This study is currently recruiting participants. (see Contacts and Locations)
Verified October 2015 by University Health Network, Toronto
Sponsor:
Collaborators:
AstraZeneca
University of Toronto
Toronto General Hospital
Information provided by (Responsible Party):
David Z.I. Cherney, University Health Network, Toronto
ClinicalTrials.gov Identifier:
NCT02585804
First received: October 22, 2015
Last updated: NA
Last verified: October 2015
History: No changes posted
  Purpose
Patients with Focal Segmental Glomerulosclerosis (FSGS) constitute an increasing proportion of the total glomerulonephritis (GN) patient cohort in North America while FSGS is a risk factor for end stage renal failure. Current non-immunological FSGS therapies include the use of angiotensin converting enzyme inhibitors (ACEi) or angiotensin II receptor blockers (ARB), to reduce intraglomerular hypertension. Unfortunately, these agents lead to incomplete renal protection. The aim of the current study is to determine whether the addition of novel sodium glucose cotransport-2 inhibitors (SGLT2i) to standard of care leads to reduced intraglomerular pressure and suppression of proteinuria. We hypothesize that combination therapy of SGLT2i drugs and conventional RAASi results in additive renal protective effects in FSGS patients. A further goal is to examine mechanisms of SGLT2 inhibition by measuring renal hemodynamic function and sodium handling. Kidney function will be assessed in FSGS patients before and after an 8 week treatment with SGLT2i dapagliflozin.
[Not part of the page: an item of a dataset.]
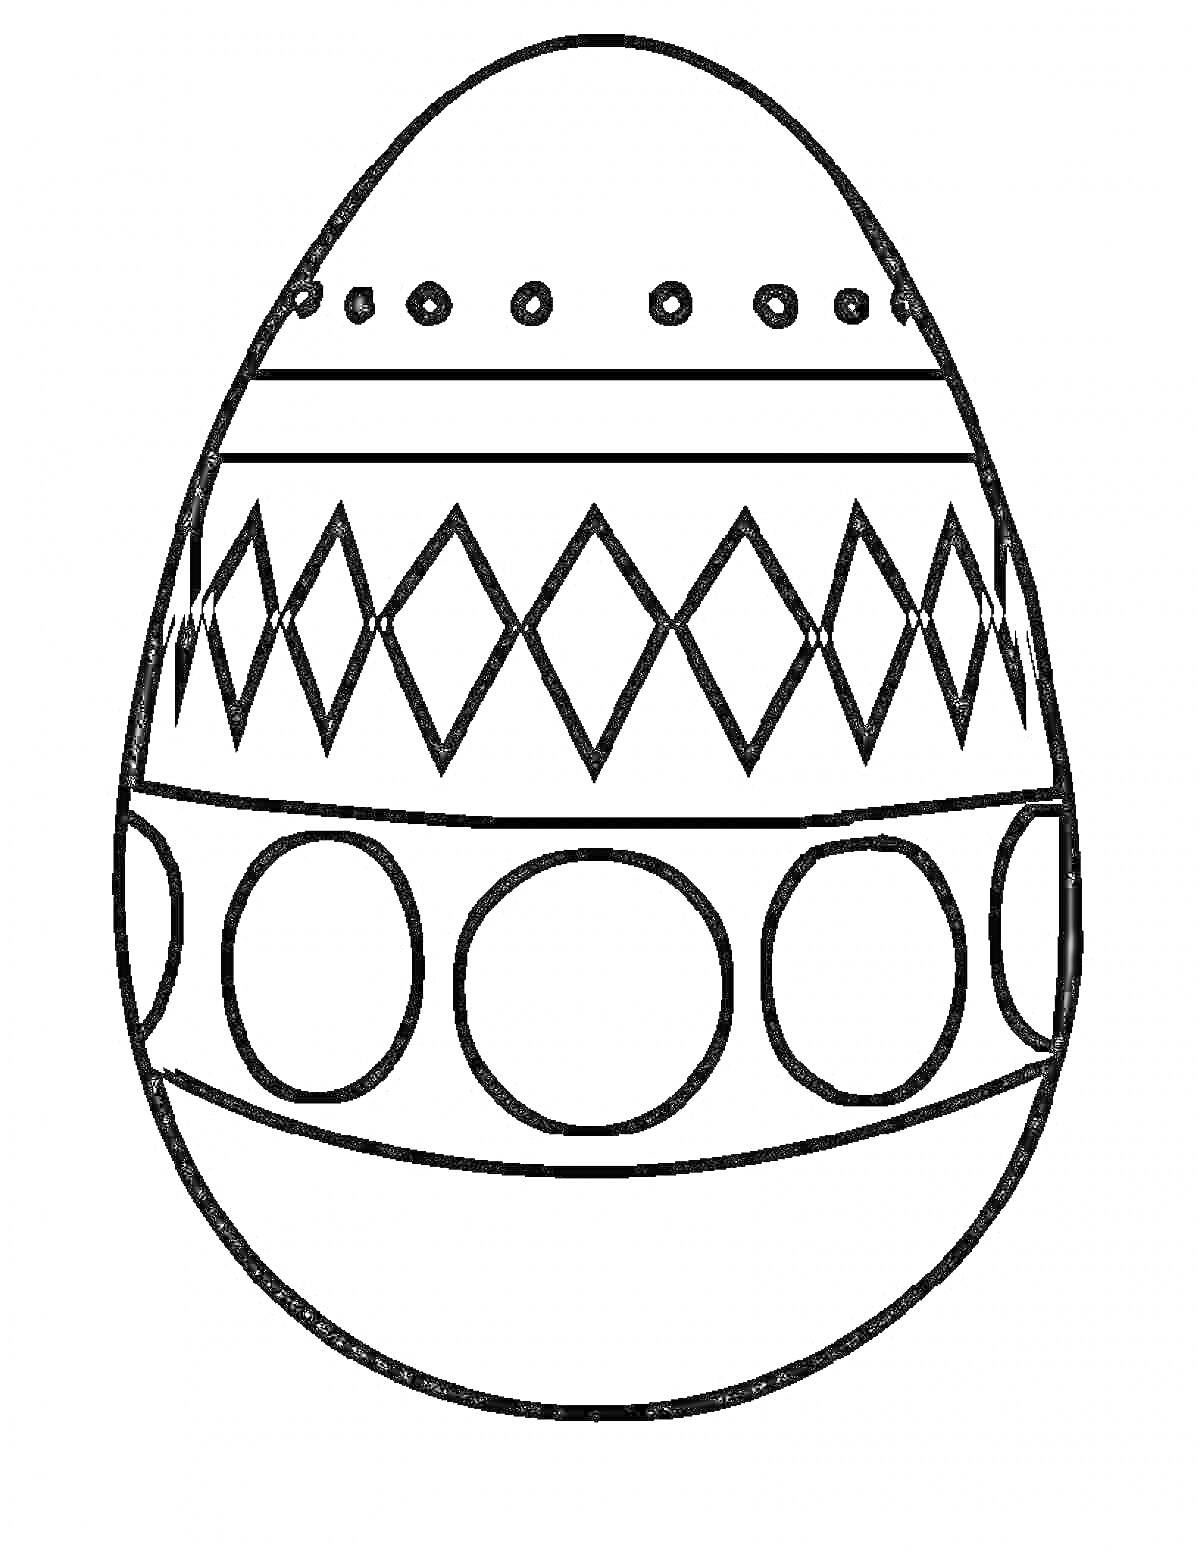 Раскраска Пасхальное яйцо с узорами из точек, ромбов и кругов

Condition Intervention Phase
Focal Segmental Glomerulosclerosis
Drug: Dapagliflozin
Phase 4

Study Type: Interventional
Study Design: Endpoint Classification: Efficacy Study
Intervention Model: Single Group Assignment
Masking: Open Label
Primary Purpose: Treatment
Official Title: Treating to Reduce Albuminuria and Normalize Hemodynamic Function in Focal ScLerosis With dApagliflozin Trial Effects: "The TRANSLATE Study"

Resource links provided by NLM:


Further study details as provided by University Health Network, Toronto:

Primary Outcome Measures:
  • The change in Glomerular Filtration Rate (GFR) After an 8 week treatment with dapagliflozin [ Time Frame: Before and after an 8 week treatment with dapagliflozin ] [ Designated as safety issue: No ]
    Glomerular Filtration Rate (GFR, based on plasma inulin clearance) will be measured at baseline and after 8 weeks of treatment.


Secondary Outcome Measures:
  • The change in Effective Renal Plasma Flow (ERPF) After an 8 week treatment with dapagliflozin [ Time Frame: Before and after an 8 week treatment with dapagliflozin ] [ Designated as safety issue: No ]
    Effective Renal Plasma Flow (ERPF, based on paraaminohippurate plasma clearance) will be measured at baseline and after 8 weeks of treatment.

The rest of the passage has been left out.